> [REQUIRED WORK] Print the line containing "Location pinpoint symbol", then every line after it through the end of the material, exactly as written and without pictures.
Top of RAW DATA
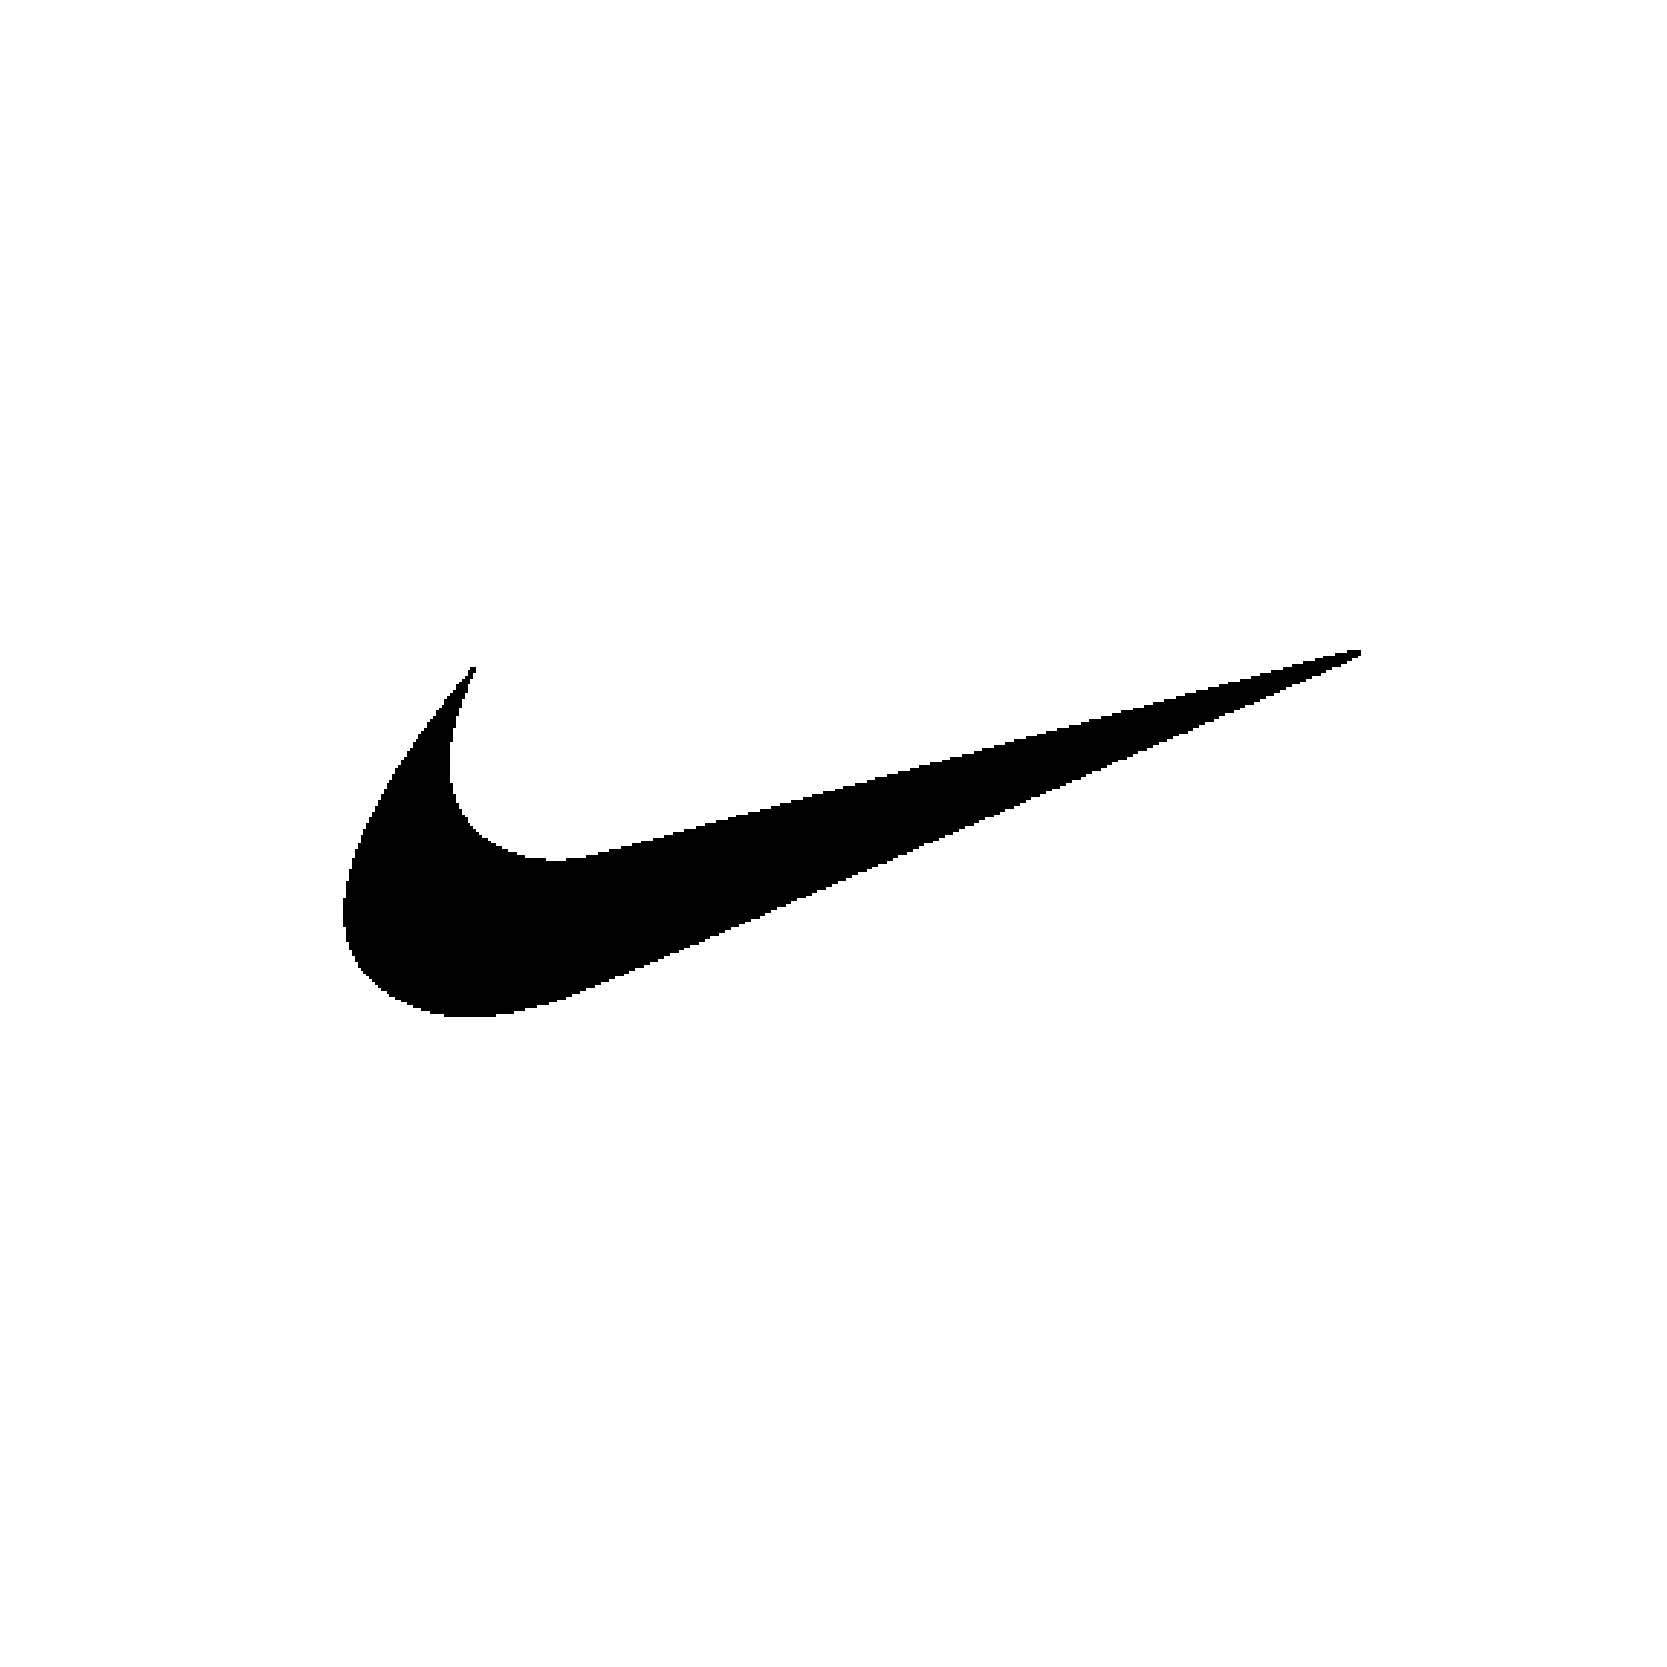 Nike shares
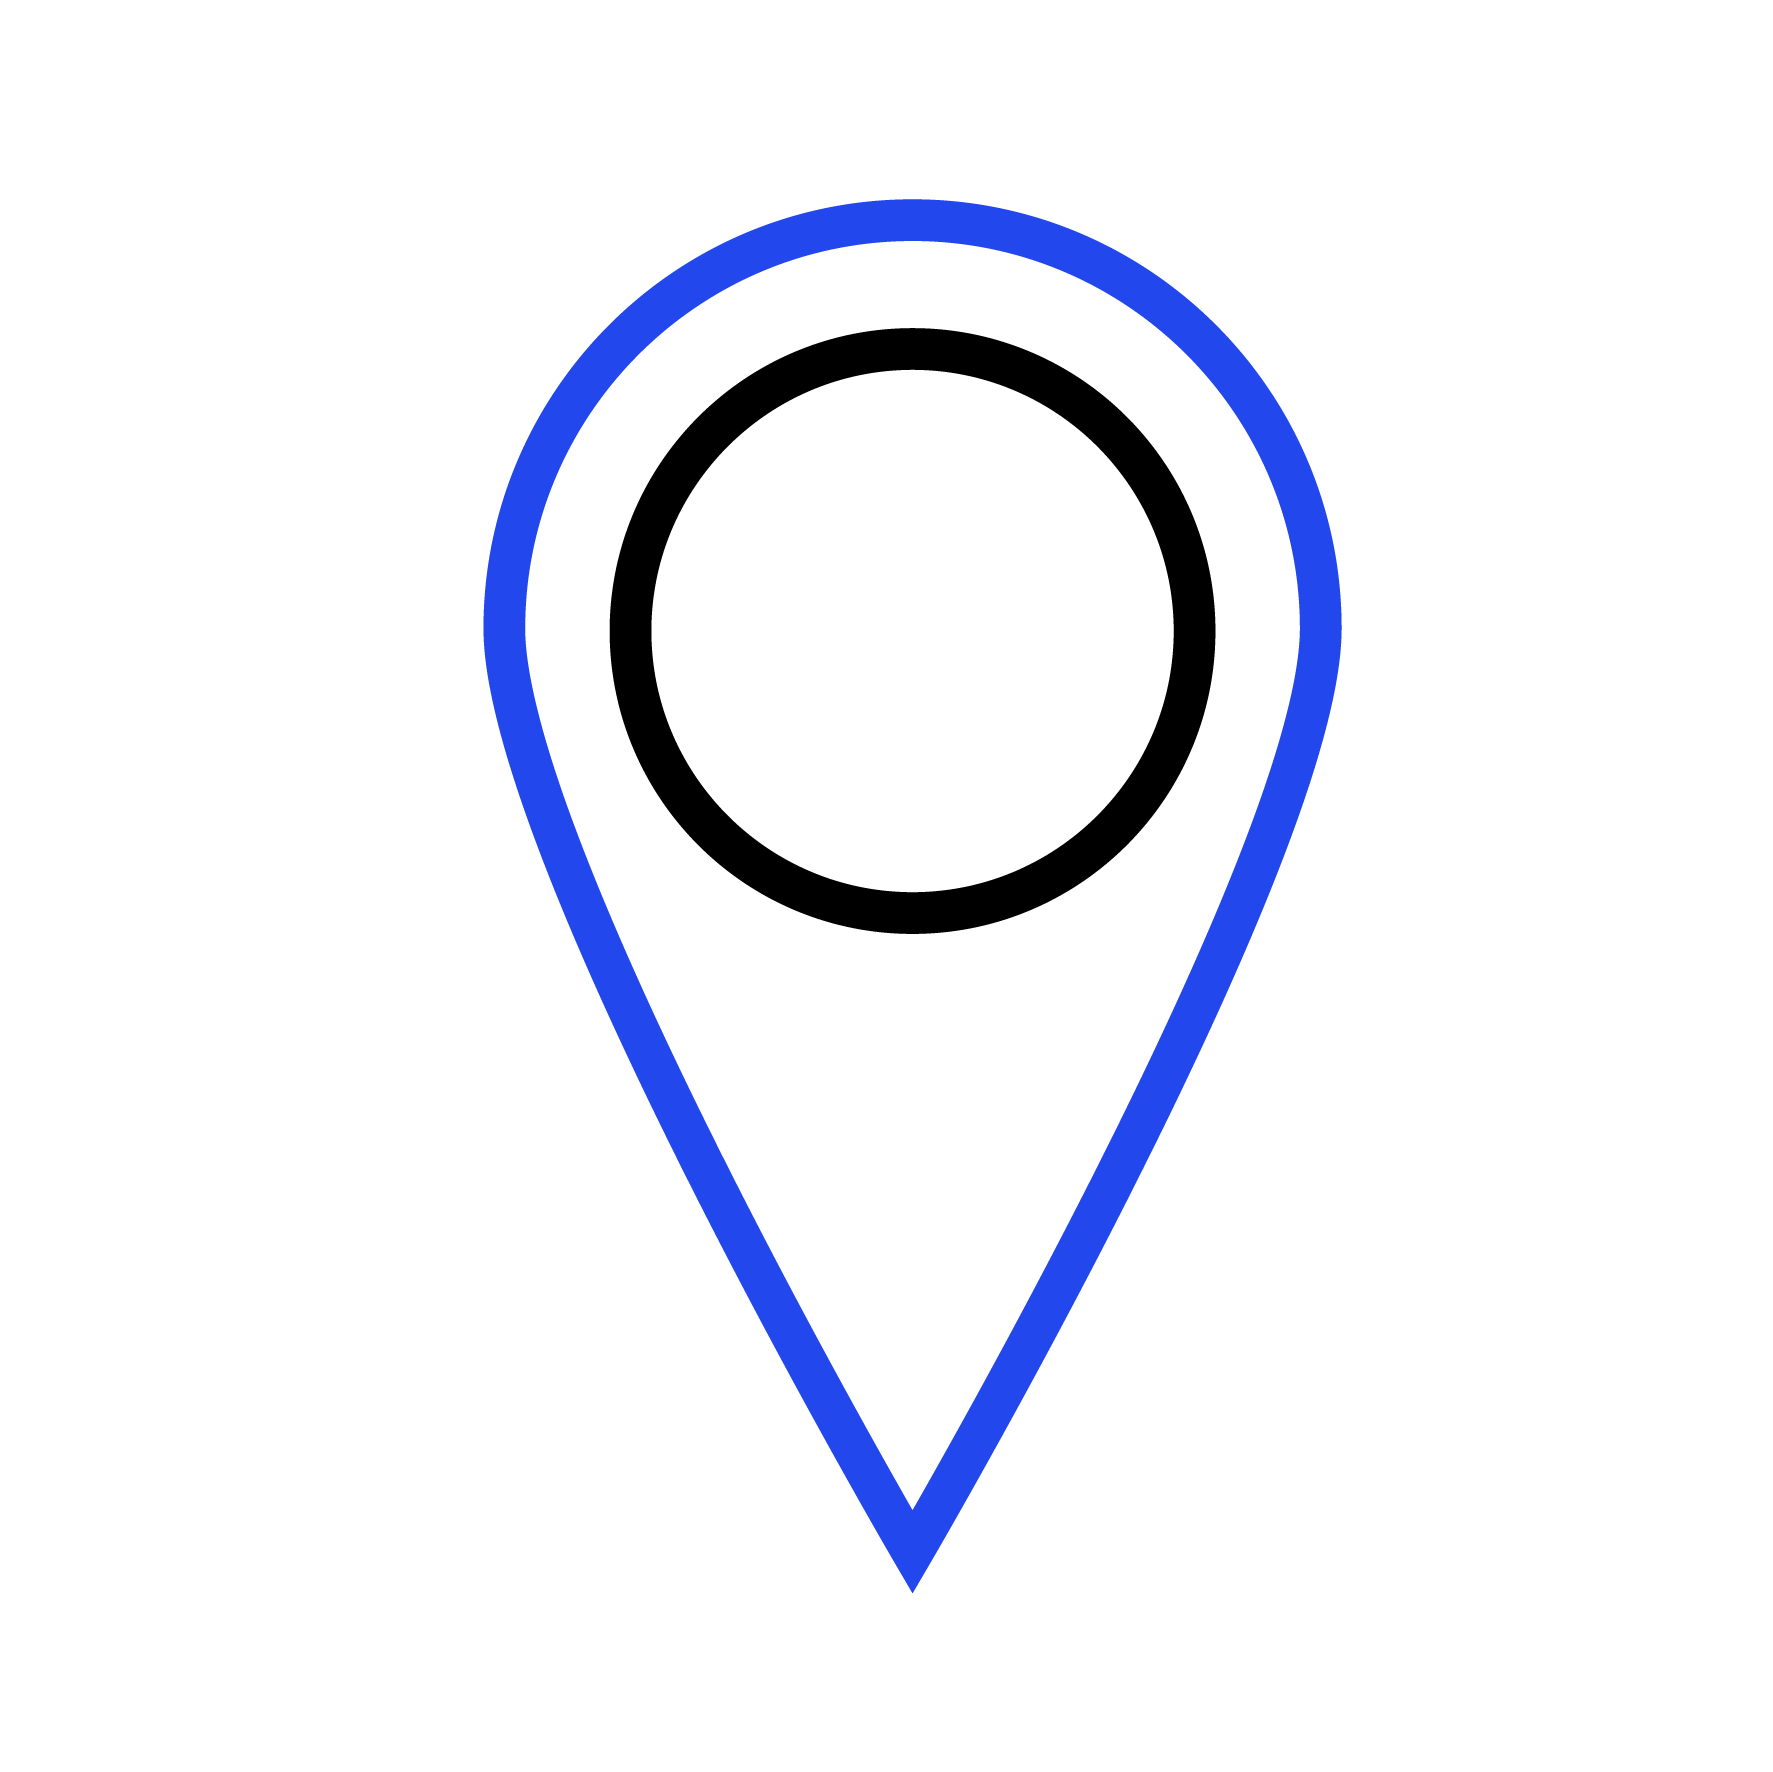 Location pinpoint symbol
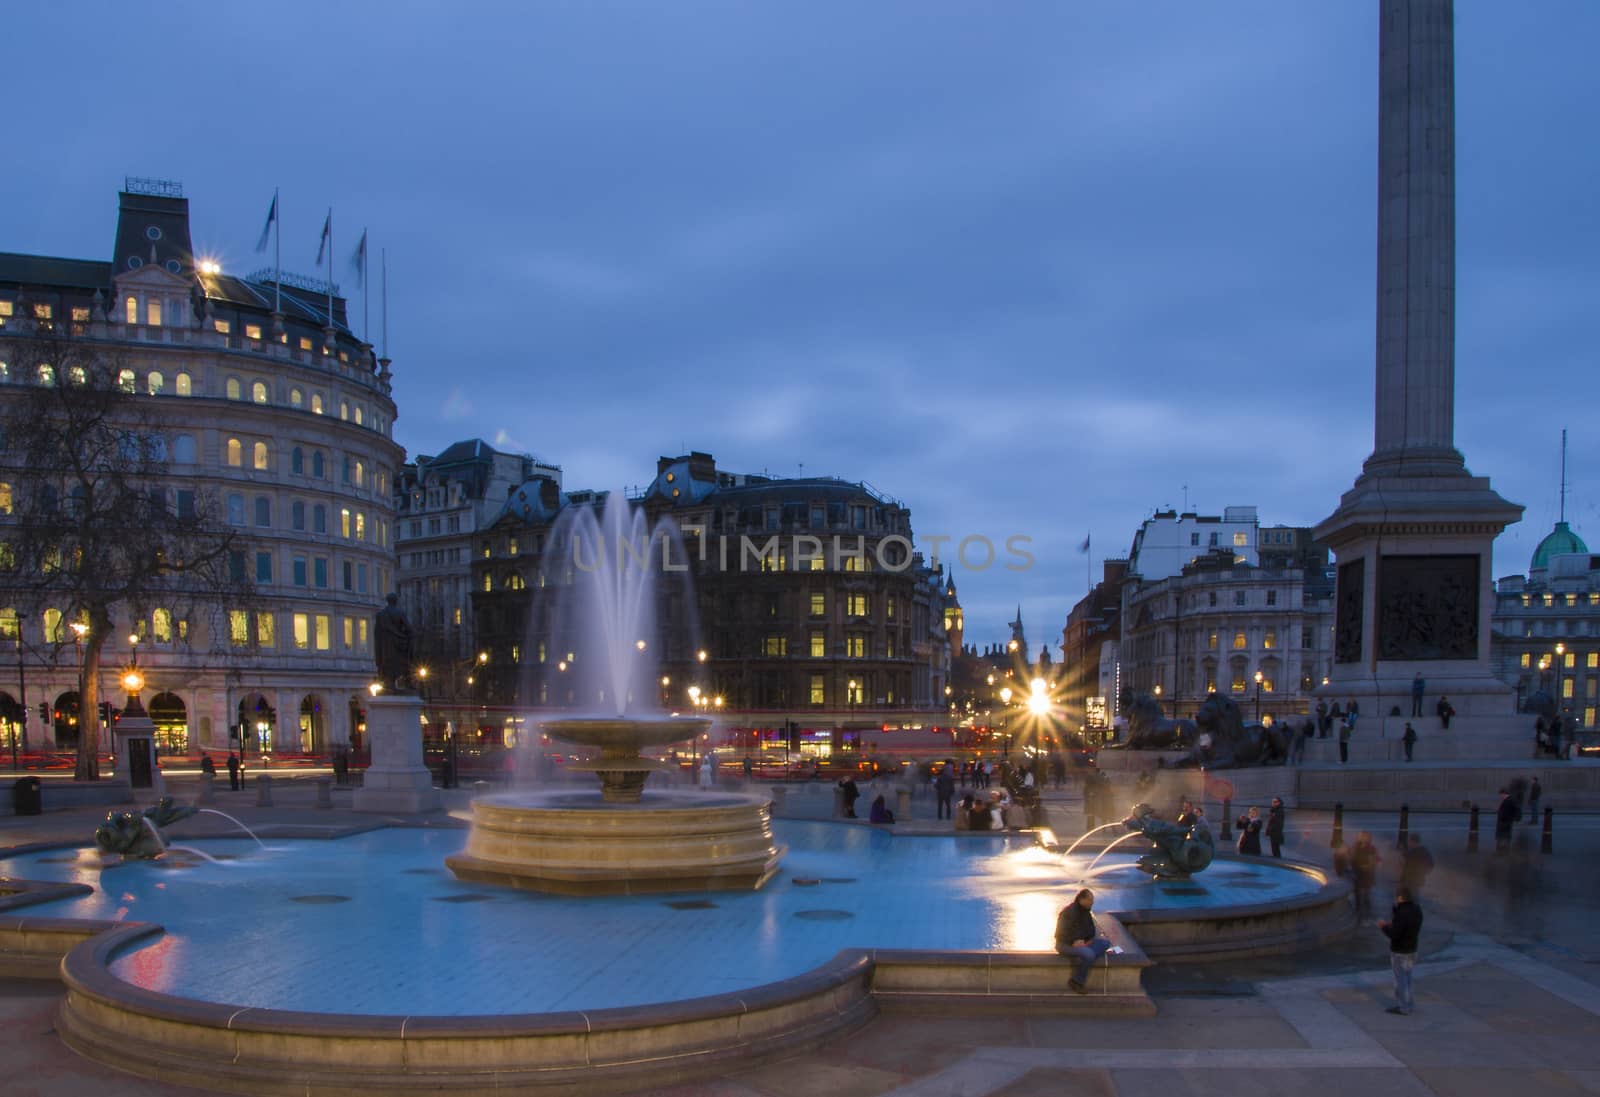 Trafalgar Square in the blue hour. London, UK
Bottom of RAW DATA
> [COMPLETED EXERCISE]
 Location pinpoint symbol
 Trafalgar Square in the blue hour. London, UK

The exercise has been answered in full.